The Walt Disney Company says net income in the first three months of the year grew 21 per cent as better performance from pay TV network ESPN and its theme parks offset a loss at the movie studio.

Net income in the three months to March 31 rose to $US1.14 billion ($A1.12 billion), or 63 cents a share, from $942 million, or 49 cents a share, a year ago.

Earnings came to 58 cents a share after excluding one-time items, including a $184 million non-cash gain related to Disney acquiring a controlling stake in Indian media company UTV. That topped the 55 cents expected by analysts polled by FactSet.

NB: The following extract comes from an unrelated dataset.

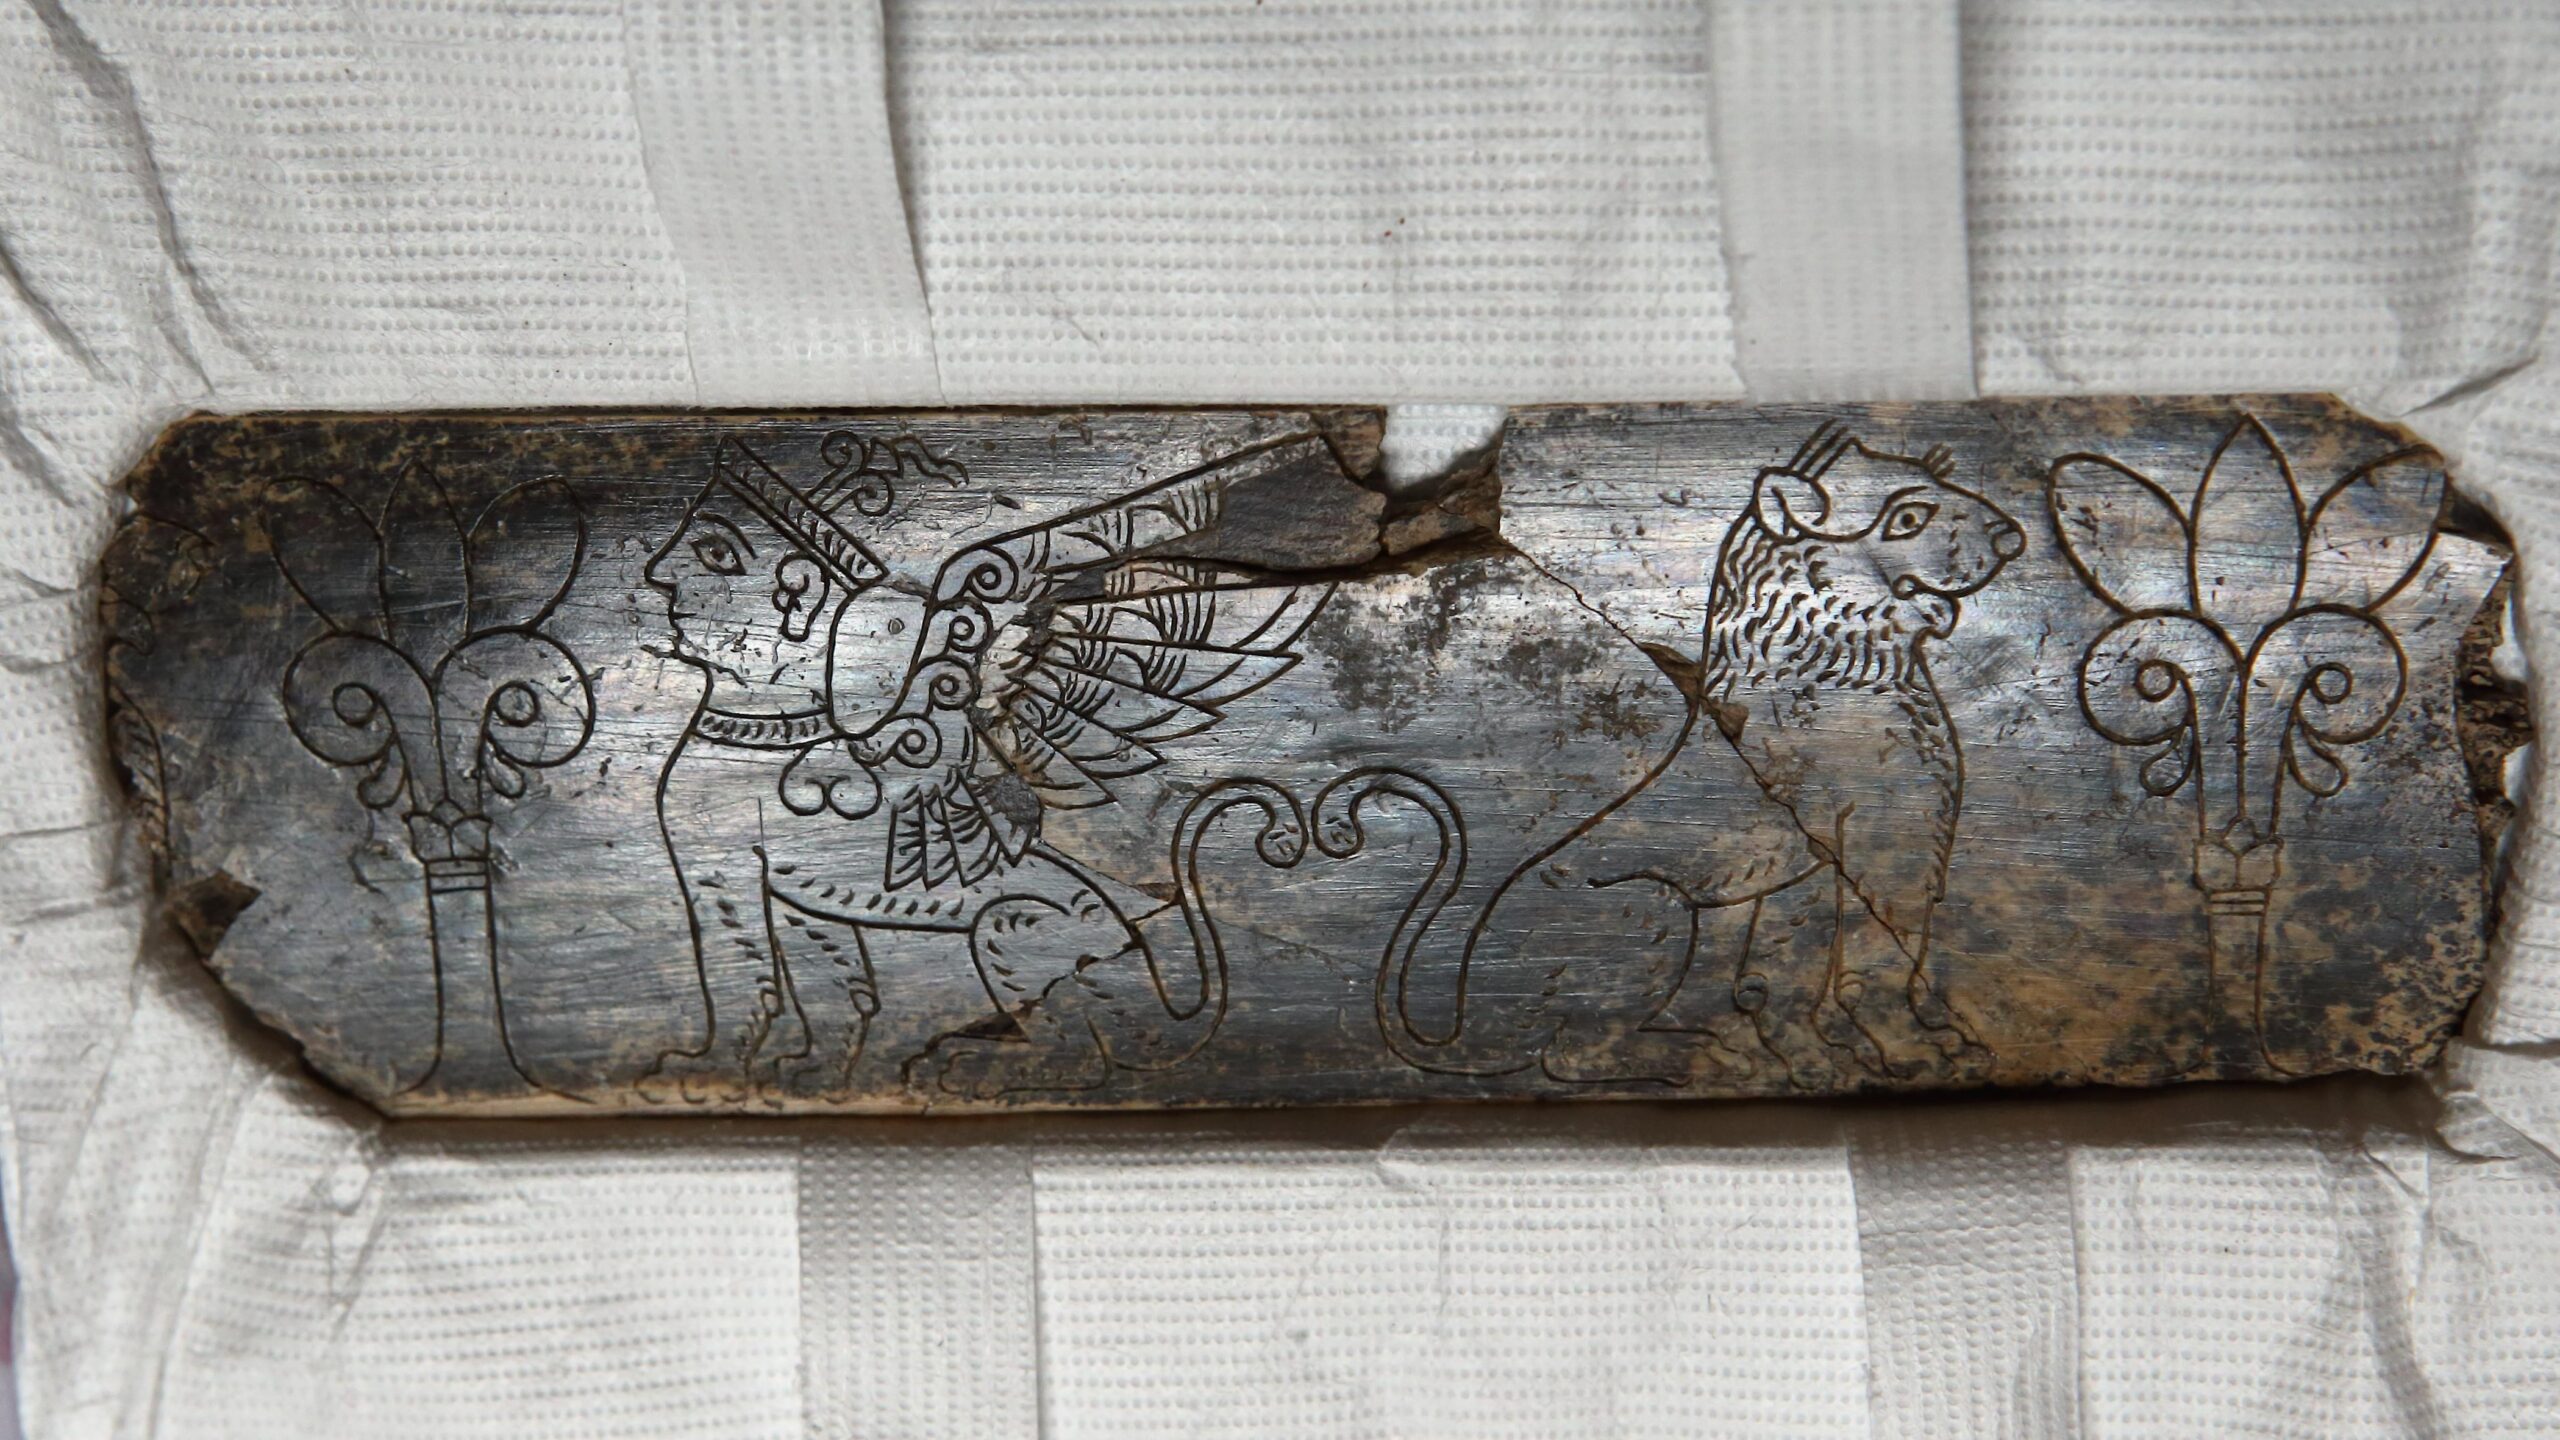 Iron Age engraved ivory found at Hattusa

Revenue rose six per cent to $9.63 billion from $9.08 billion. That also beat the $9.57 billion expected.

Disney's stock rose 80 cents, or 1.8 per cent, to $45.10 in after-hours trading after the release of fiscal second-quarter results.

Disney's movie studio had a loss of $84 million, which was on the low end of the $80 million to $120 million range that the company forecast based on the box office performance of the movie John Carter. Revenue fell 12 per cent to $1.2 billion.

Gains elsewhere undid the damage.

CEO Bob Iger said in a statement the California-based company was "incredibly optimistic about our future."

He said The Avengers, the latest movie from Disney subsidiary Marvel, had surpassed $702 million in ticket sales since its release abroad on April 25. It opened in the US on Friday.

Revenue from pay TV operations including ESPN and Disney Channel rose 12 per cent to $3.2 billion as fees from distributors and advertising sales grew.

Parks and resorts revenue grew 10 per cent to $2.9 billion as attendance and spending grew in the US Gains at overseas parks in Tokyo and Hong Kong were partially offset by a decrease in Paris.

Consumer products revenue rose eight per cent. Its interactive media division saw revenue rise 13 per cent while trimming its losses.